Ему за пятьдесят — а он все Вадик и Вадик… Только для нее одной, наверное — Вадим. Потому что муж. Смеялась: “Внебрачный!”. Так и было. Не любовники, даже не сожители — жили каждый у себя. Но муж и жена. Скрывая, что все же не гражданские: их обвенчал по старинке какой-то иеромонах на безлюдном карельском острове, где с тех пор и они уединялись каждую осень. Антонина — женщина средних лет. Рано увядшая от работ и забот, но внутри вовсе не размякшая: внутри это сруб из оцилиндрованных бревен. Из сибирского городка уехала за мечтой — и построилась. Какой была — и какой стала? Загадка… То громкая, то тихая, казалось, даже, побитая. То грубая до невозможности, то нежная. Такая вся… Властная — и слабая. Вздорная — и справедливая. Мудрая — и дурная. Щедрая — и жадная. Гордая — и смиренная. И только перед дочкой беспомощная. Ее девочке шестнадцать лет. Учится в художественном училище — и это мать решила учить тому, что умела. Сама окончила Суриковское. Подавала большие надежды. Но вся жизнь — материнство и женская доля. Сейчас у ее девочки депрессия, творческая. Но о ней говорится до сих пор: ребенок… Ребенок живет по ночам, что-то мажет и мажет, запираясь в комнате — а днем умирает. К вечеру воскресает, рыдает и кричит на мать, когда та пытается просунуть в дверную щель что-то тепленькое или вкусненькое. Дочка презирает ее за связь с Марфушиным. То есть, наверное, — презирает Марфушина. Боится сблизиться, довериться, не желая до сих пор принять, что однажды чужой мужчина остался в их доме. Ее родной отец погиб за рулем, успев перед тем, как осиротил, еще и выбросить из своей жизни. Мужей было много. Антонина, она и семьи строила, как избы — но горели, рушились… Одни мужья умирали. Другие предавали, бросали. Кого-то не вытерпела сама. Но существовать самой по себе — с этим не хотела смириться… Жить, как считала, в грехе даже с Марфушиным не могла, хотя, смеясь, обзывала всю эту их жизнь грехом… Свой, глупый, несчастный — он был, наверное, последней попыткой. Но теперь этому внушенному и выстраданному, то есть созданию своей семьи, противилась родная дочь. Поэтому не было — и не могло уже быть — бракосочетания. Поэтому стало тайным венчание. Осталось тайной, которую нужно было скрывать от ребенка — и они скрывали.

Ну вот, познакомились?

Когда, где… Какое имеет значение? В этой жизни.

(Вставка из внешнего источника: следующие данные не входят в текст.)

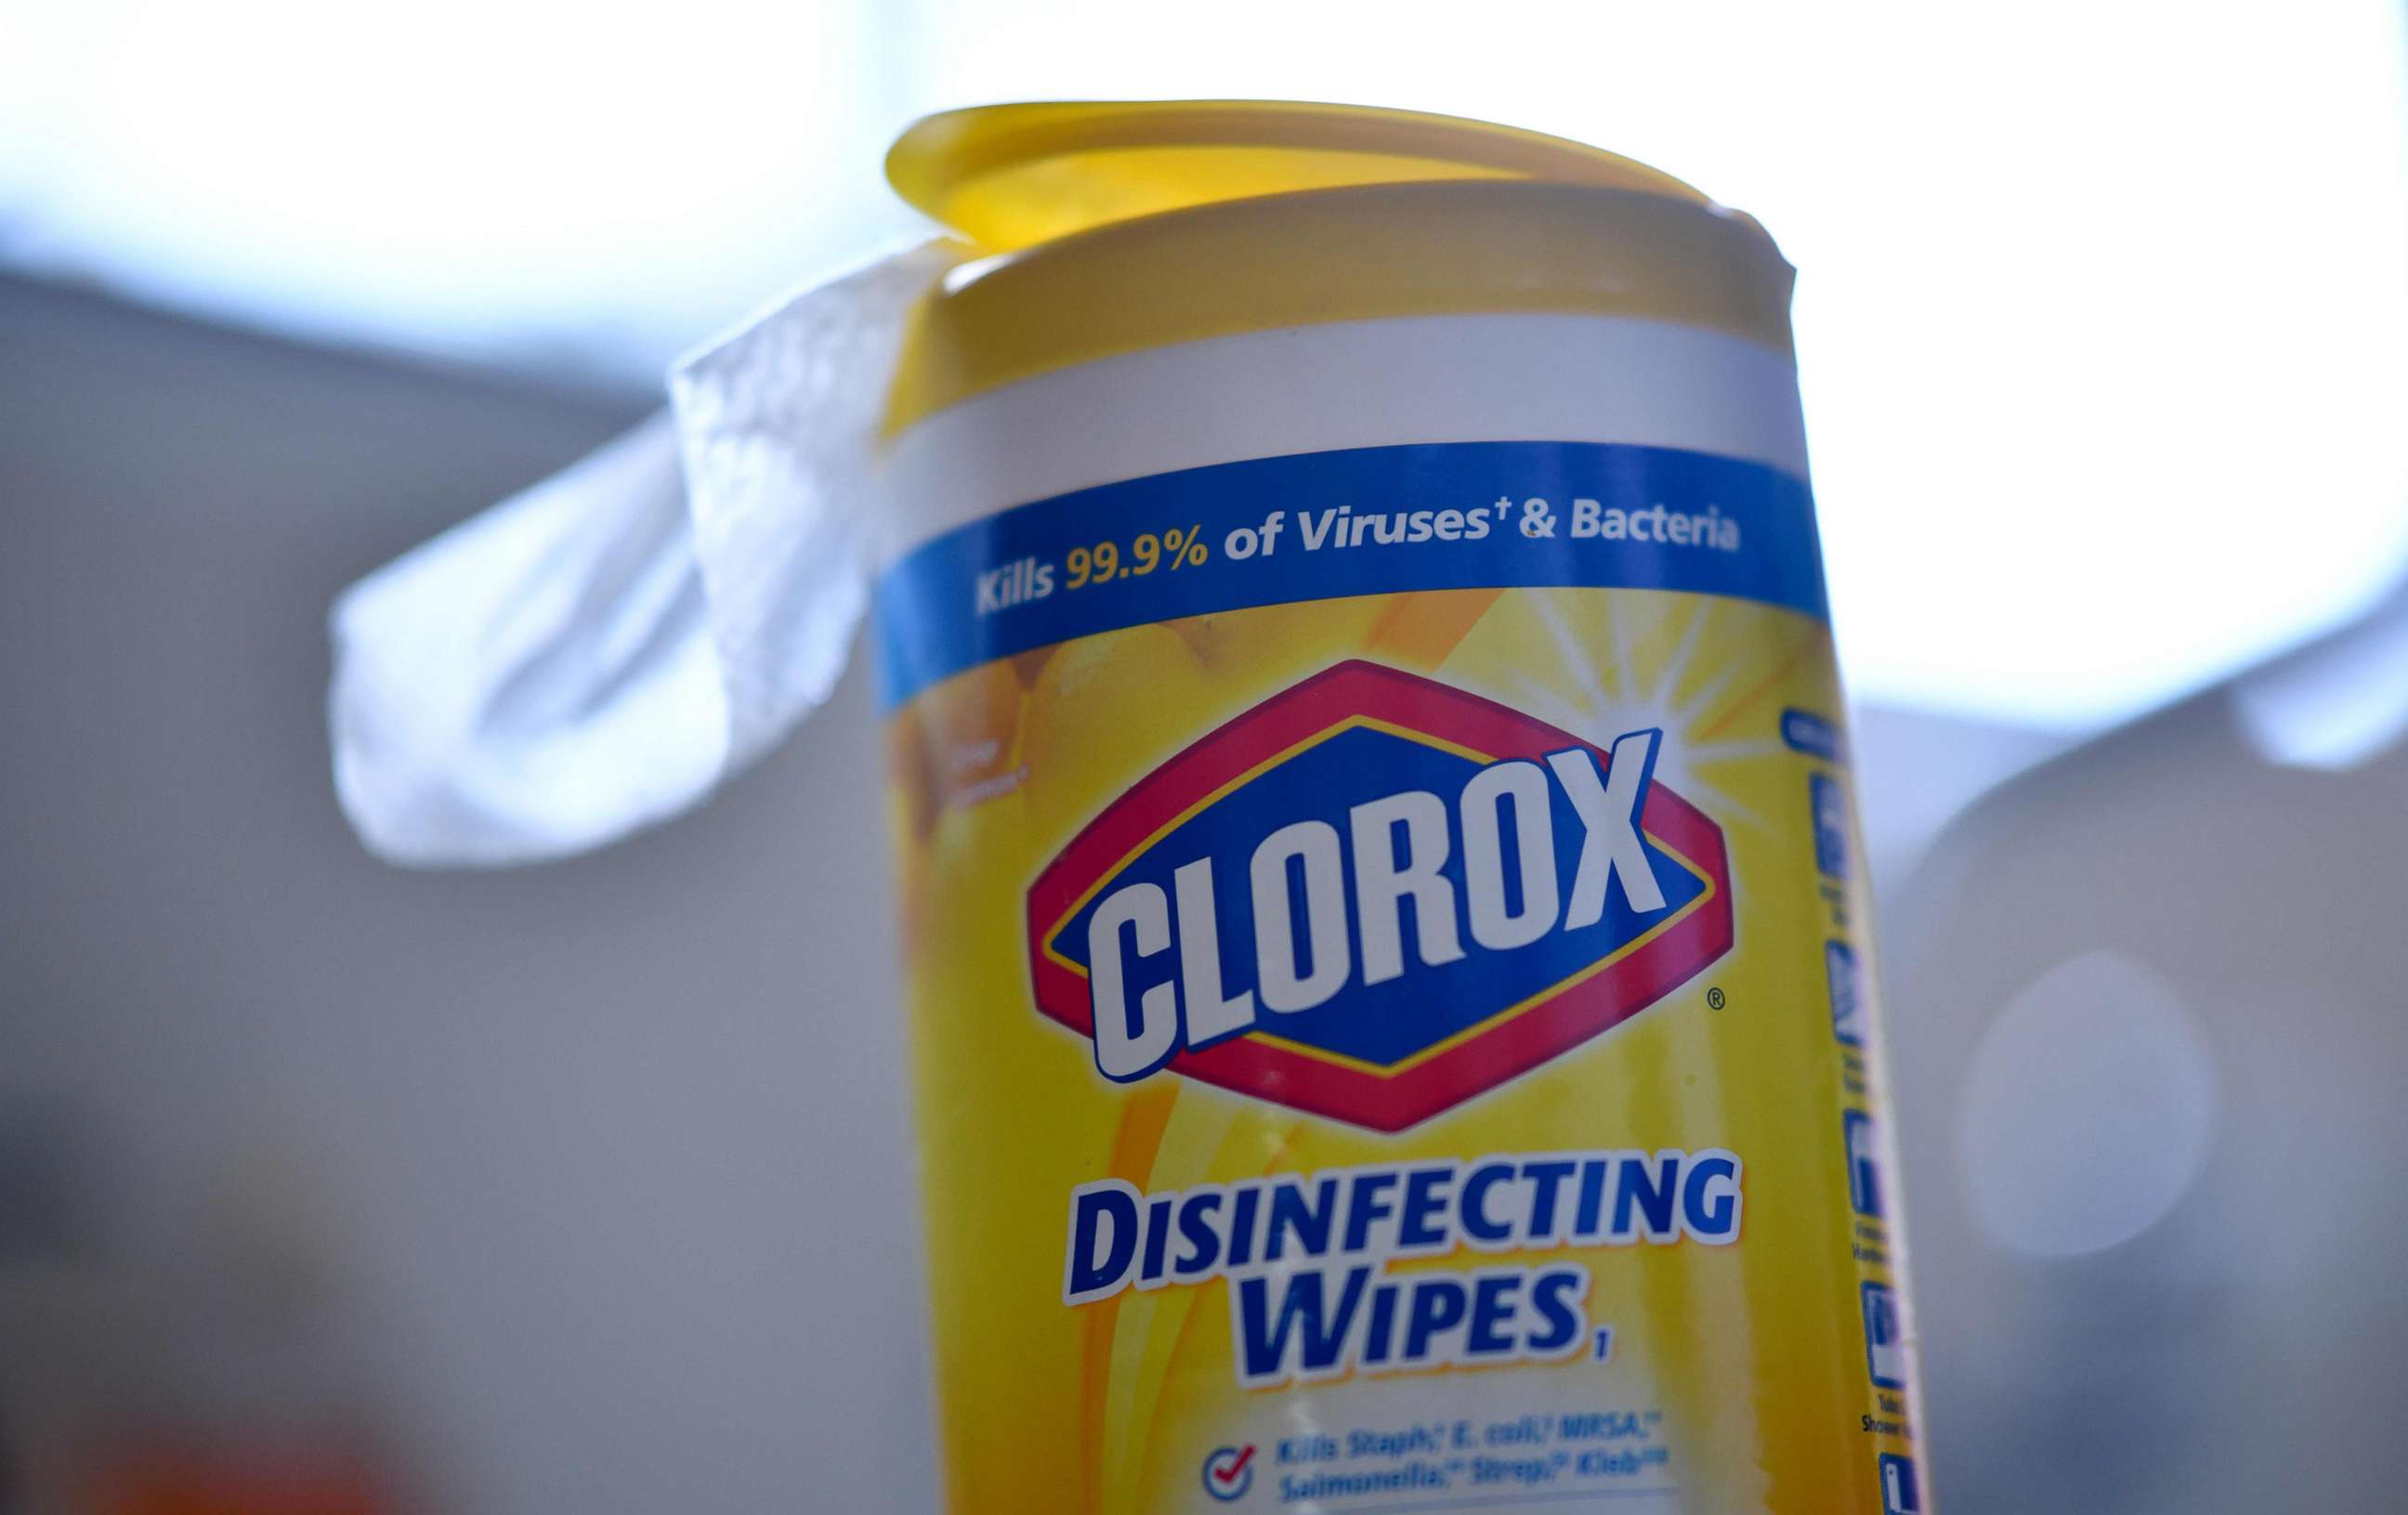 PHOTO: This April 24, 2020, file photo shows a container of Clorox disinfecting wipes in a kitchen in Culver City, Calif., amid the COVID-19 pandemic.

В конце концов, молчал телефон — и вдруг кто-то вспомнил, позвонил… Вот и встретились — в этой жизни…

Марфушин как раз о ней — потому что закатывалось солнце, вечерело: “Эх, после упоения жизнью обязательно погружаешься в смертную тоску… Достигнешь цели, построишь свою египетскую пирамиду, ужаснешься — и не сможешь жить!”.

“Вадим, да заткнись же ты!”.

“Все, Антонина Романовна, не волнуйся… Молчу! Молчу!”.

Сидели всего-то на скамеечке у озера. На одной из сосен был прикреплен венок. Траурный, с лентой, из еловых лап, он был замечен сразу — но как будто растворился в этом воздухе. Сверху нависали сосны, обмахивая опахалом душистых ветвей, внизу тихо шелестел камыш у берега, где окаменел старый дебаркадер, все матовей и сумрачней становилась вода, по которой перестали скользить солнечные лучи… Почему нельзя остаться здесь… Жить здесь… Потому что нужно заплатить? Счастье можно только купить? А у них денег — на несколько дней… Подумал — но не произнес вслух.